## Supplied information
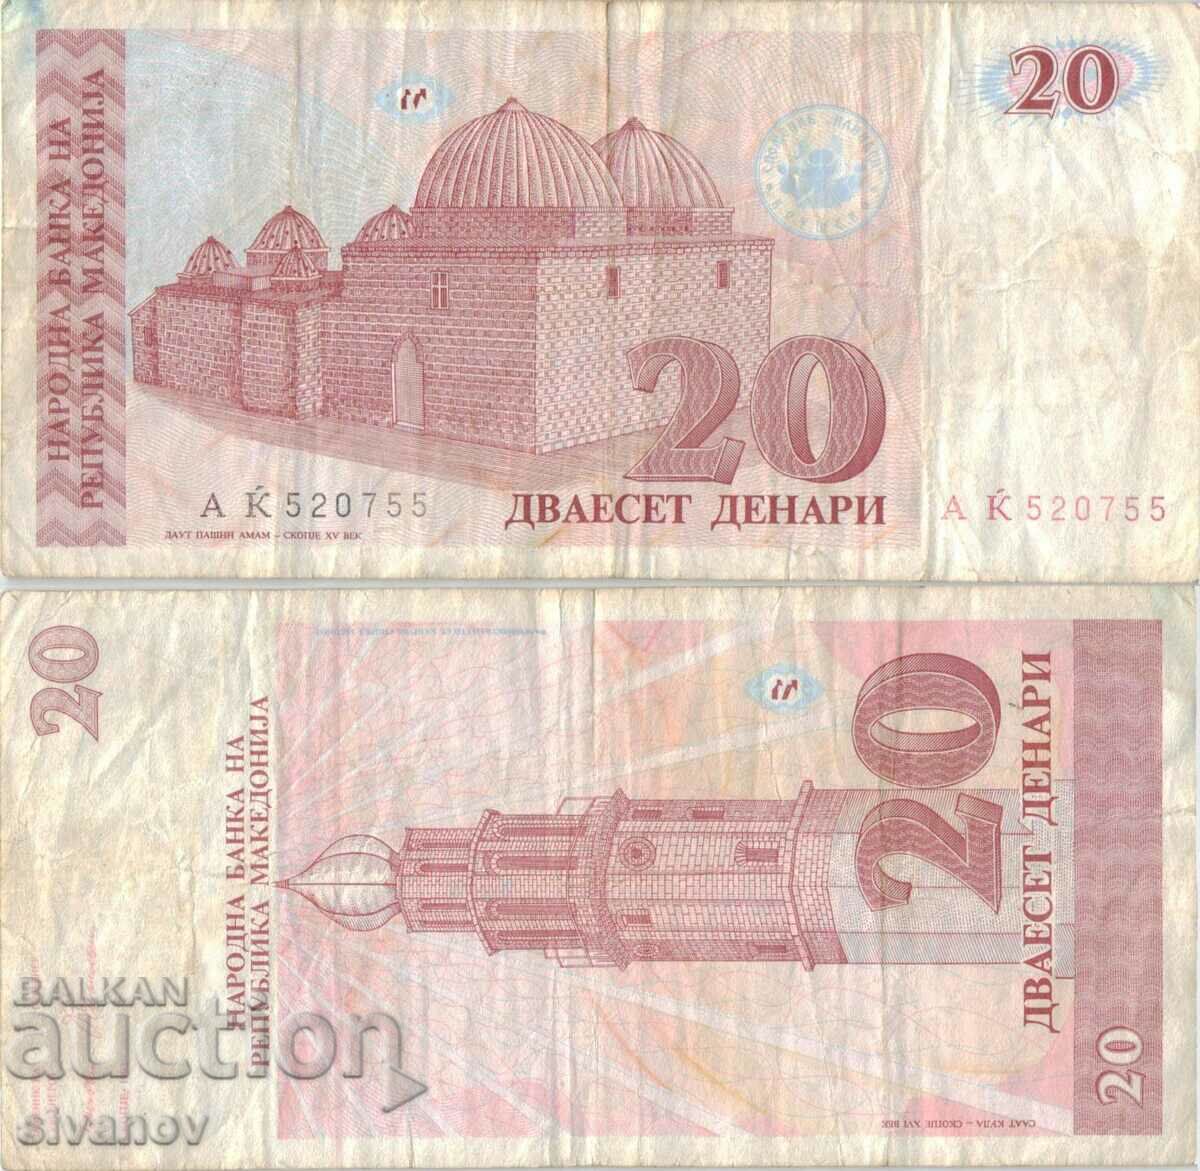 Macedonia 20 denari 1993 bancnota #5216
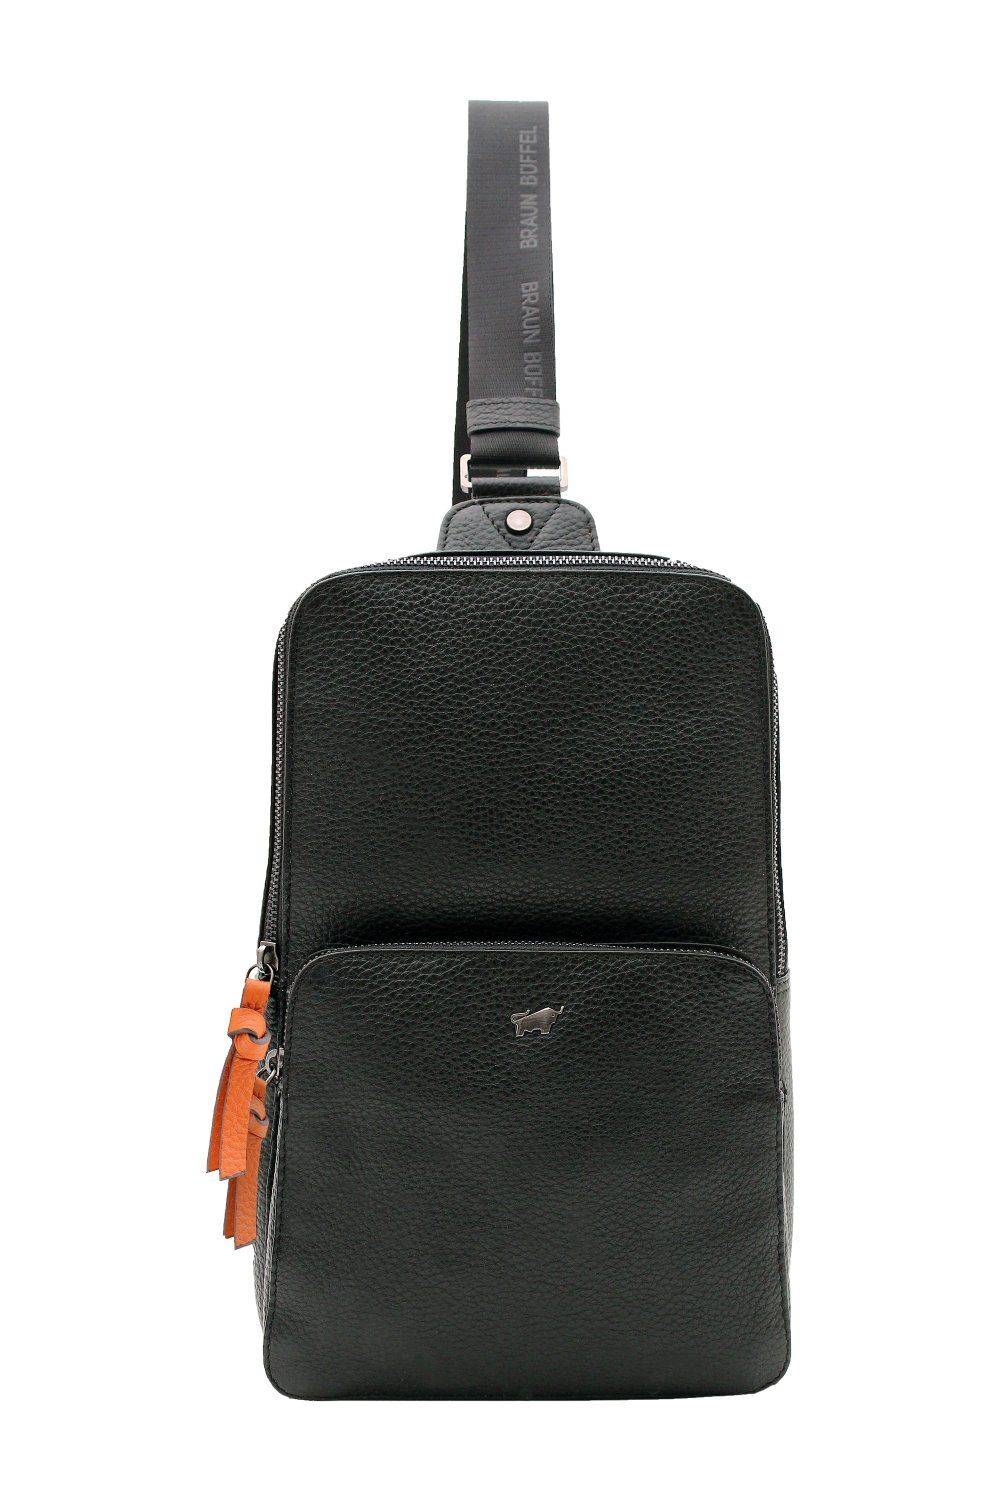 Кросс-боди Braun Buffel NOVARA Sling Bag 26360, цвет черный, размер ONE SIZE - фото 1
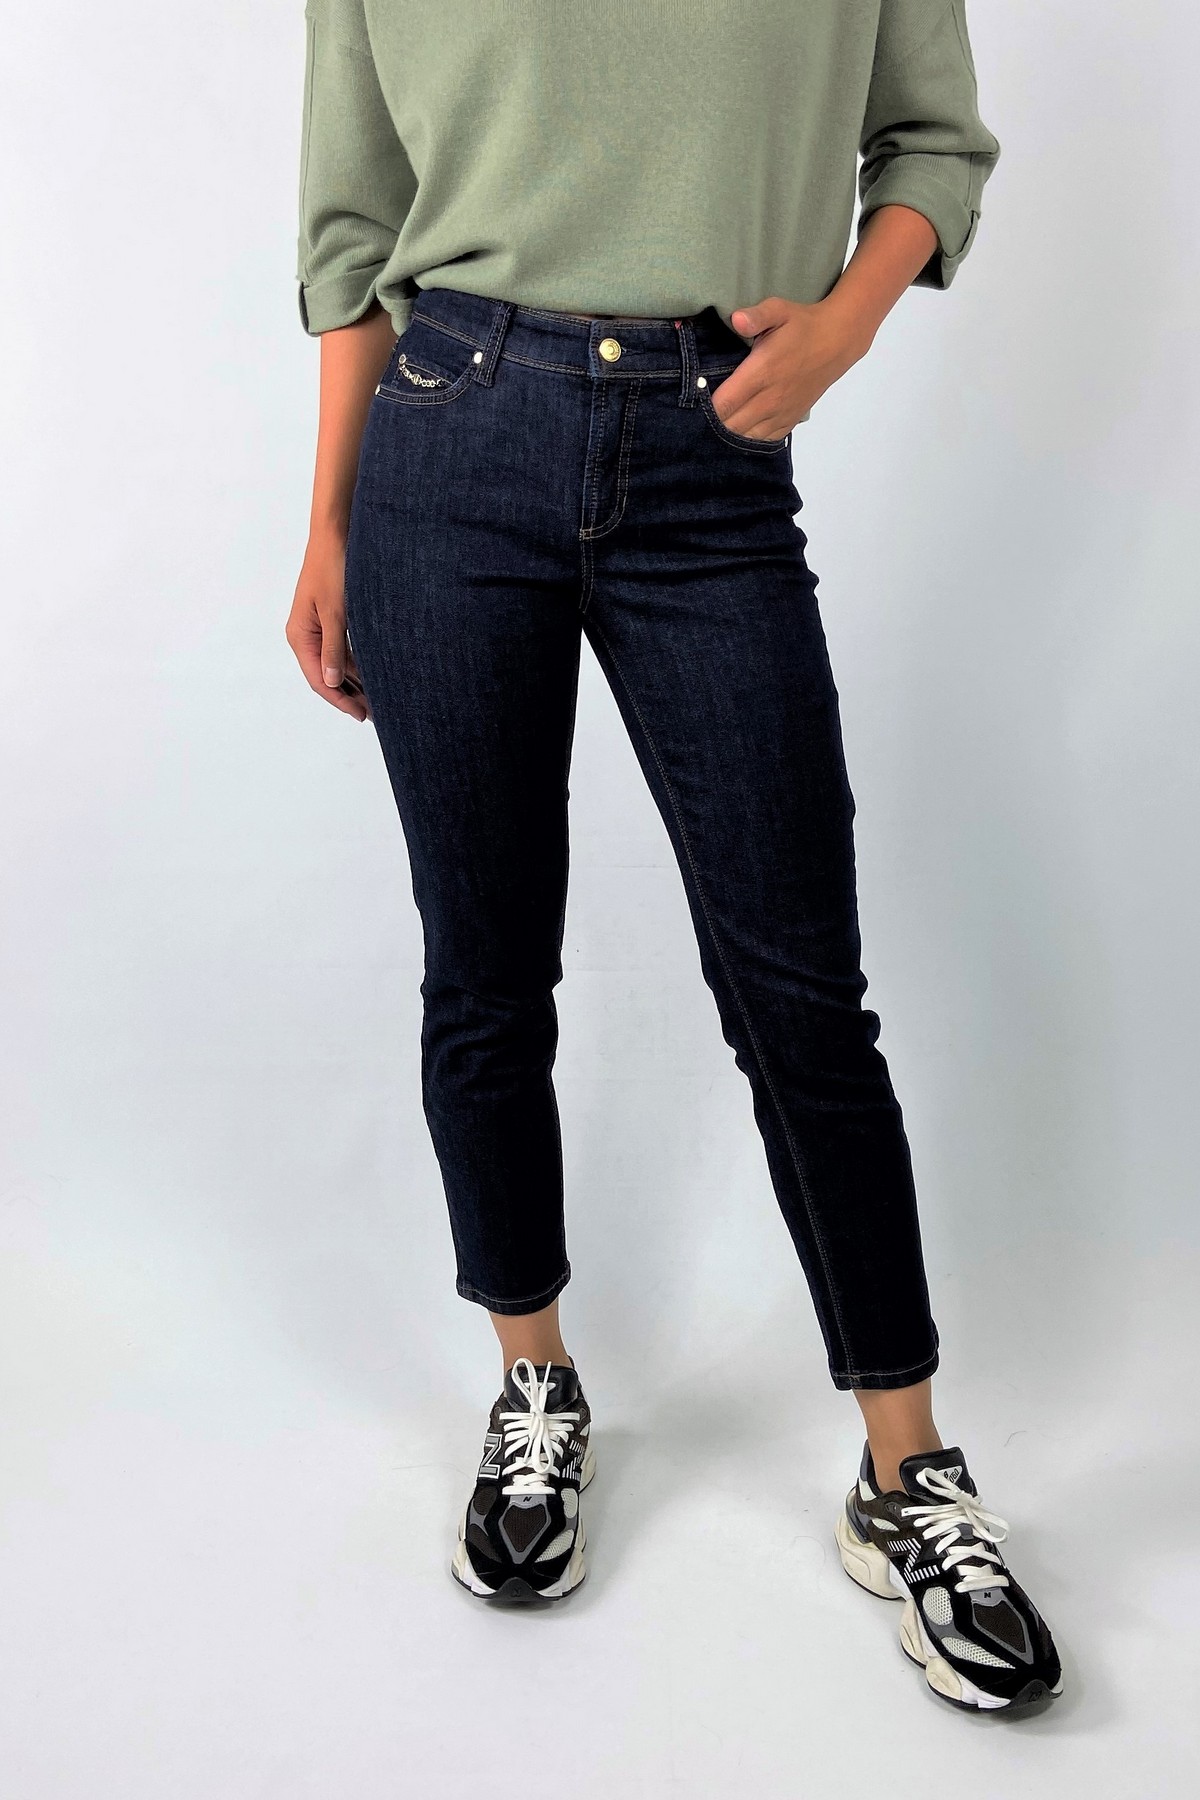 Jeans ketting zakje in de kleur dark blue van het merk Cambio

## Exercise
The complete listing must be transcribed verbatim, and all pictures are to be omitted.

## Response to this exercise
 Macedonia 20 denari 1993 bancnota #5216
 Кросс-боди Braun Buffel NOVARA Sling Bag 26360, цвет черный, размер ONE SIZE - фото 1
 Jeans ketting zakje in de kleur dark blue van het merk Cambio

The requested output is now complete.